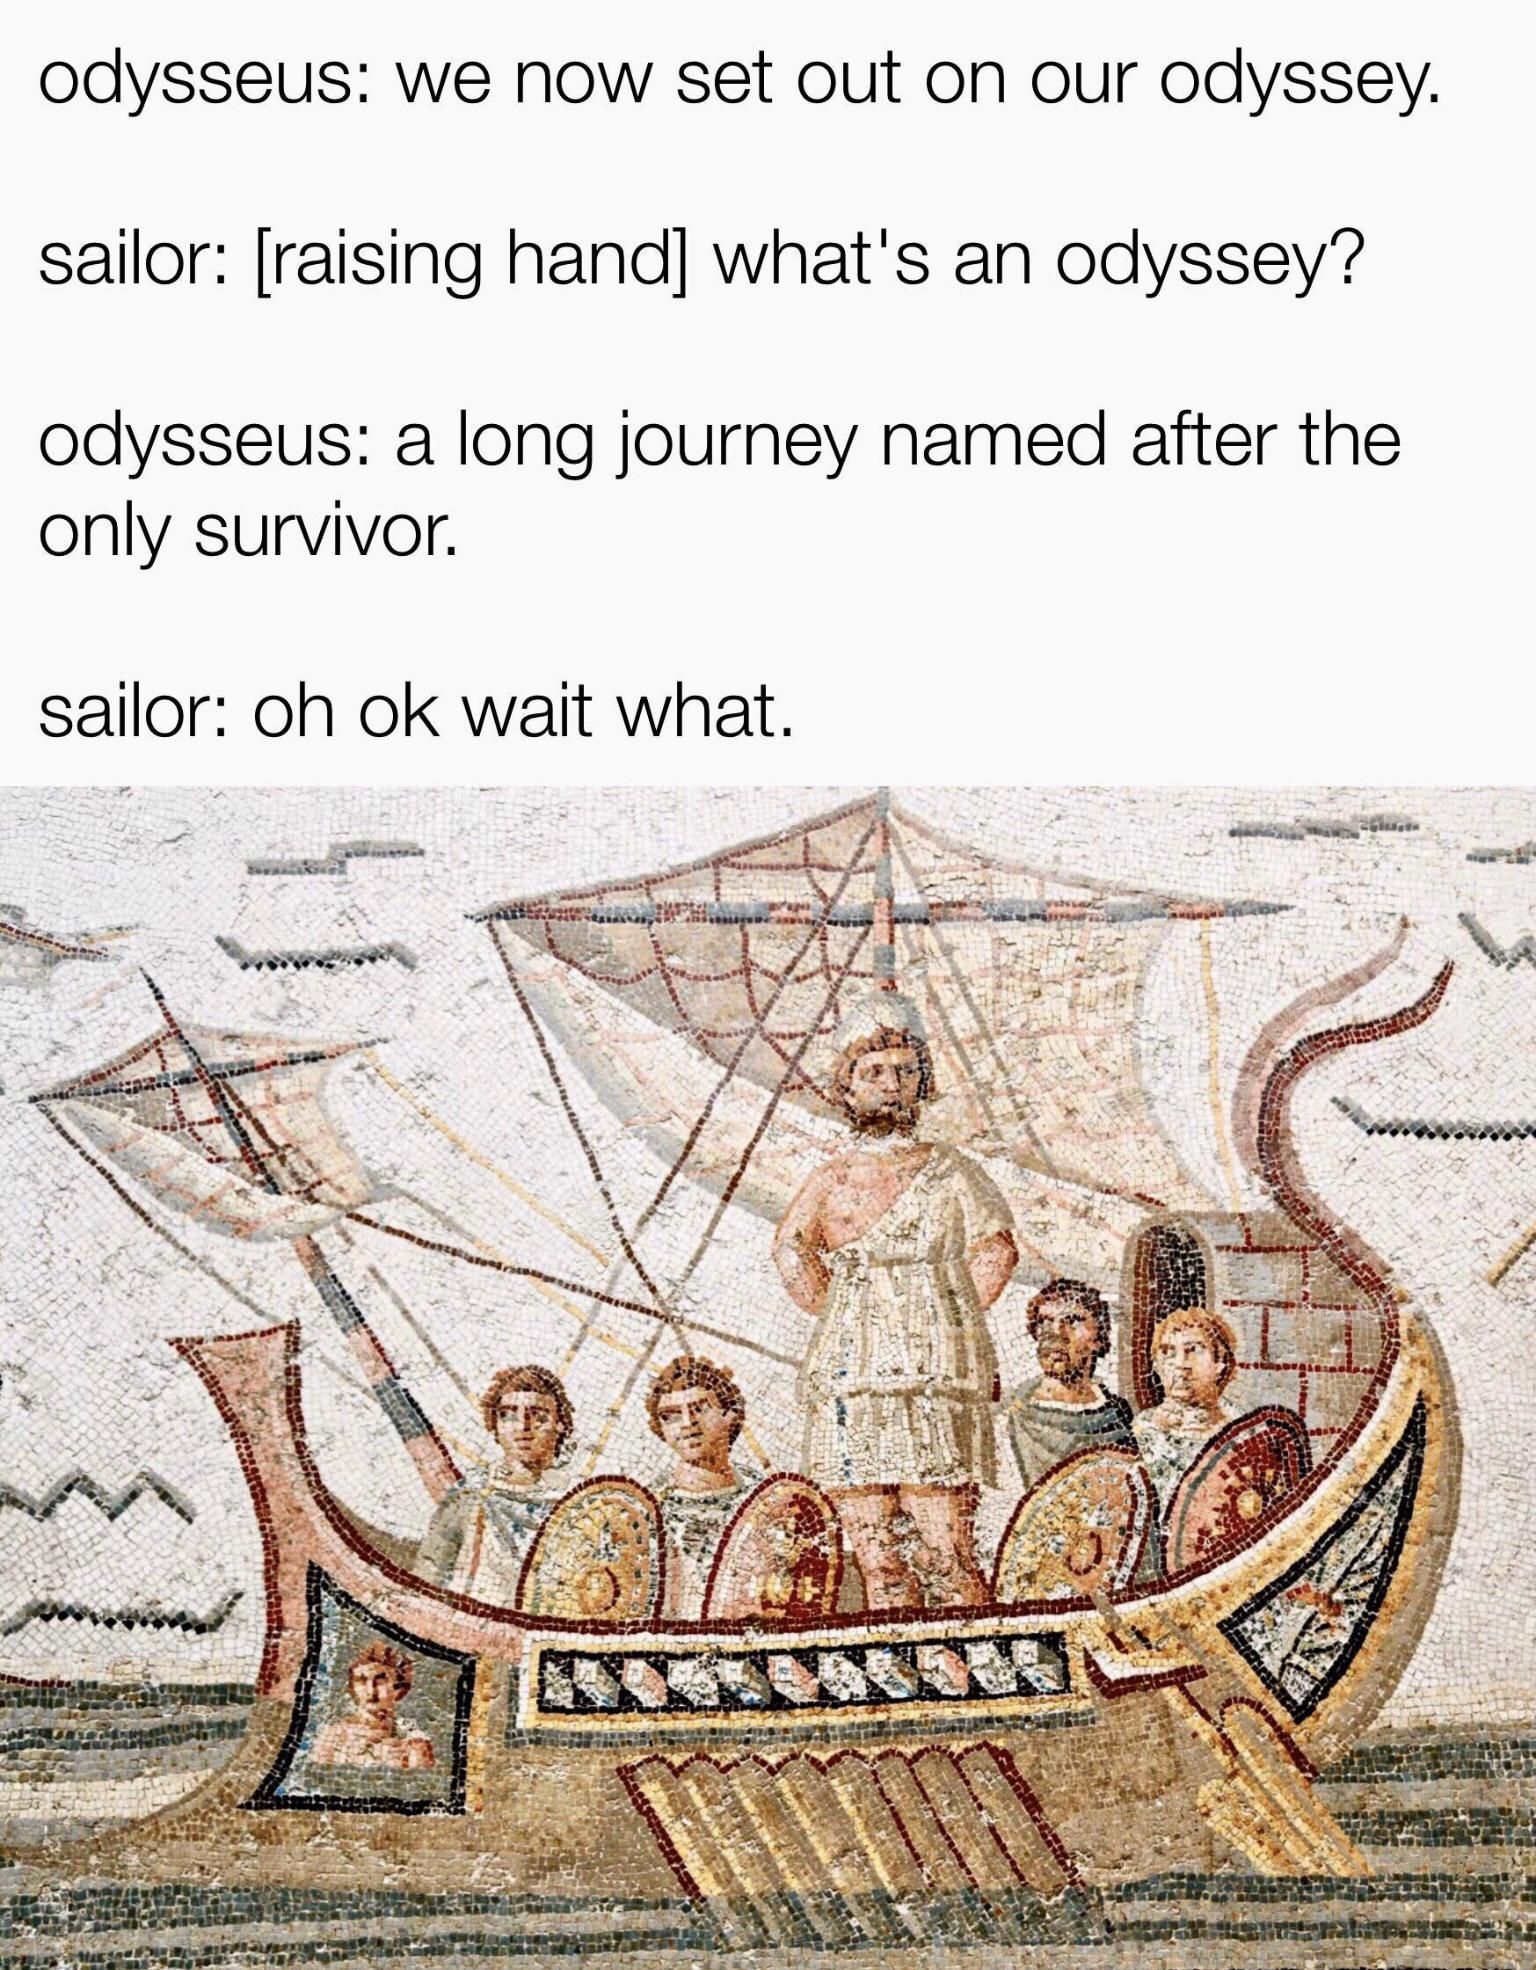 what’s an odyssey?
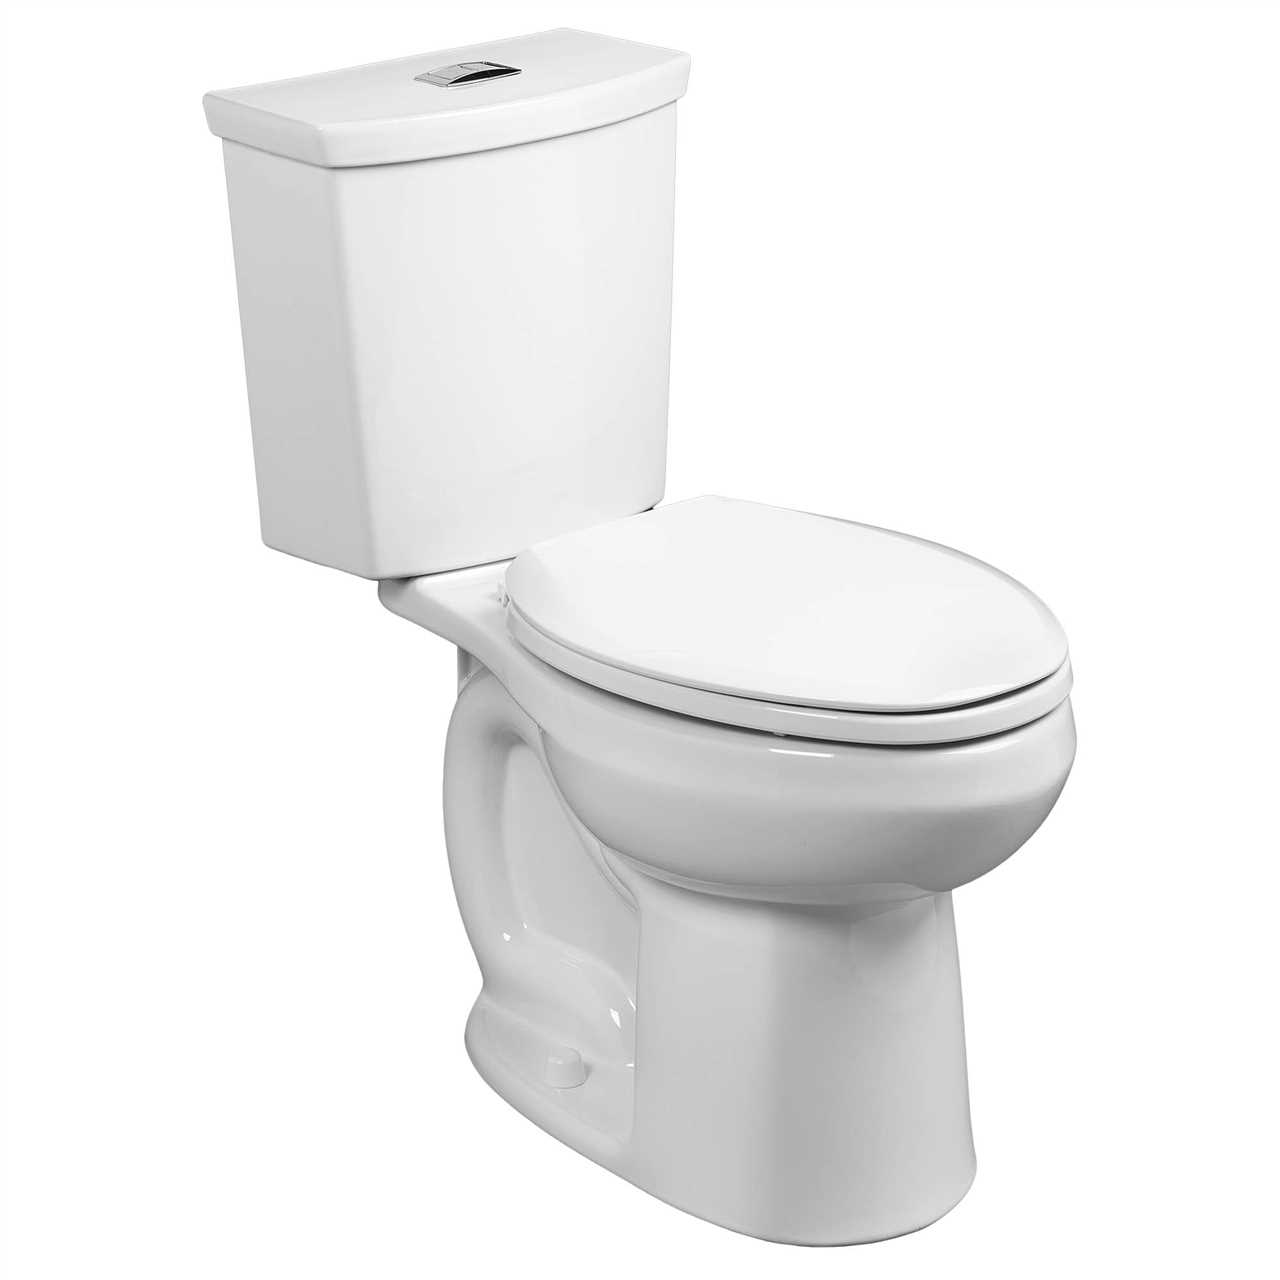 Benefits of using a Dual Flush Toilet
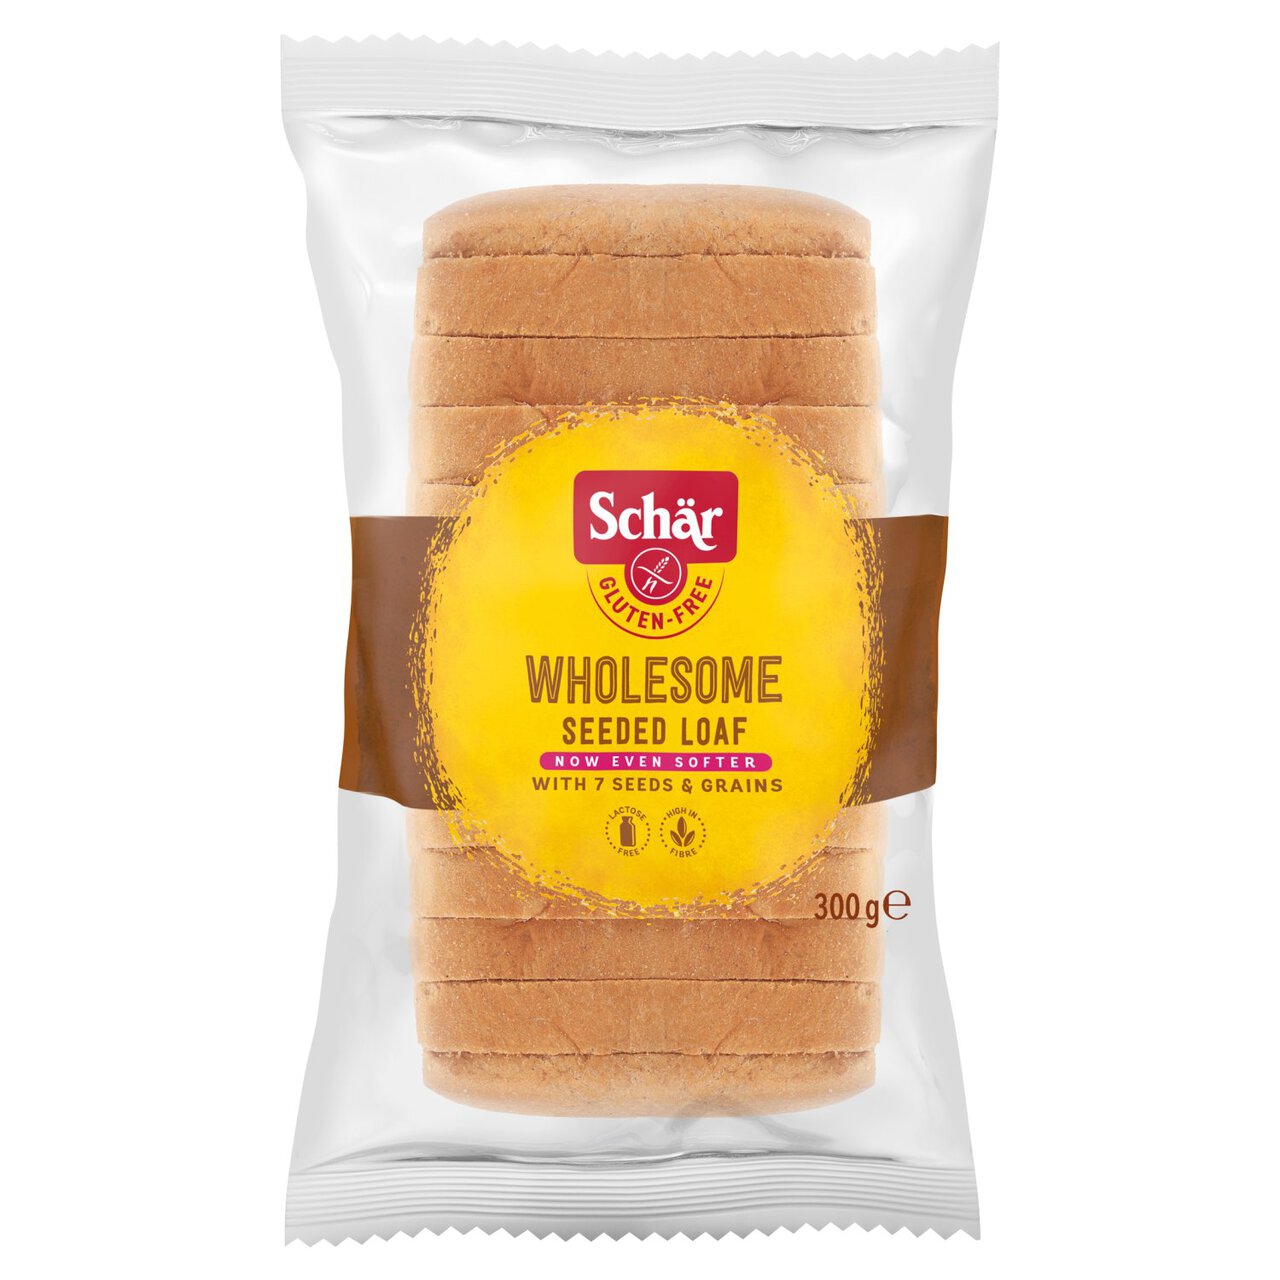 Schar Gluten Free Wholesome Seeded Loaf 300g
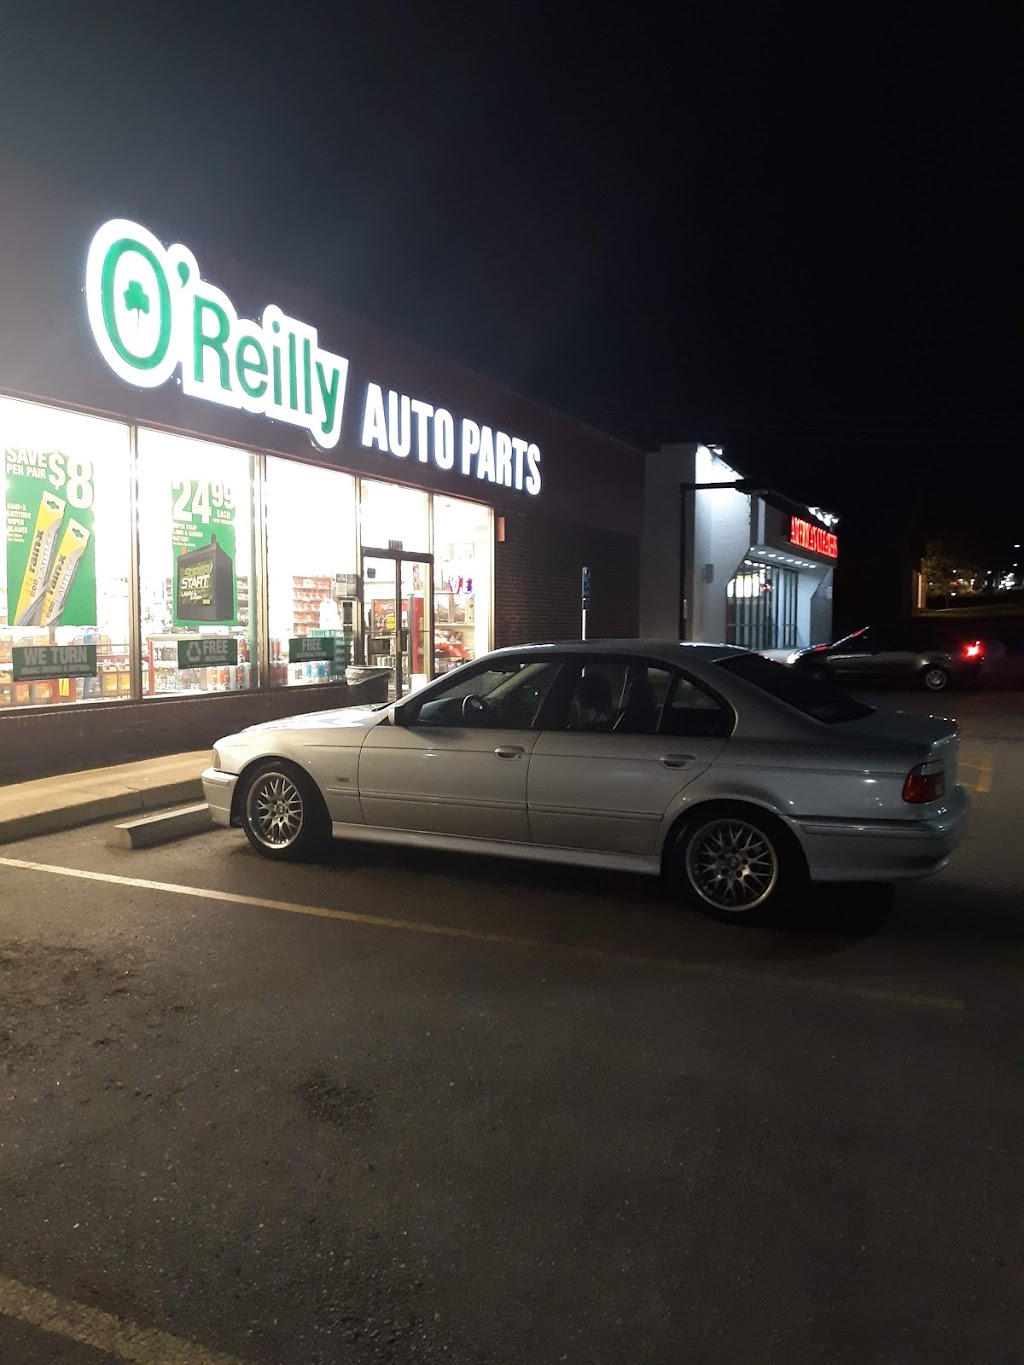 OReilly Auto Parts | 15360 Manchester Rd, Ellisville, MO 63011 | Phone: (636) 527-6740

== Task prompt ==
The expected output is exactly the lines from the one containing "Schar Gluten Free Wholesome Seeded Loaf 300g" through the last line of the listing, both included, with every picture left out.

== Answer for the task ==
 Schar Gluten Free Wholesome Seeded Loaf 300g
 OReilly Auto Parts | 15360 Manchester Rd, Ellisville, MO 63011 | Phone: (636) 527-6740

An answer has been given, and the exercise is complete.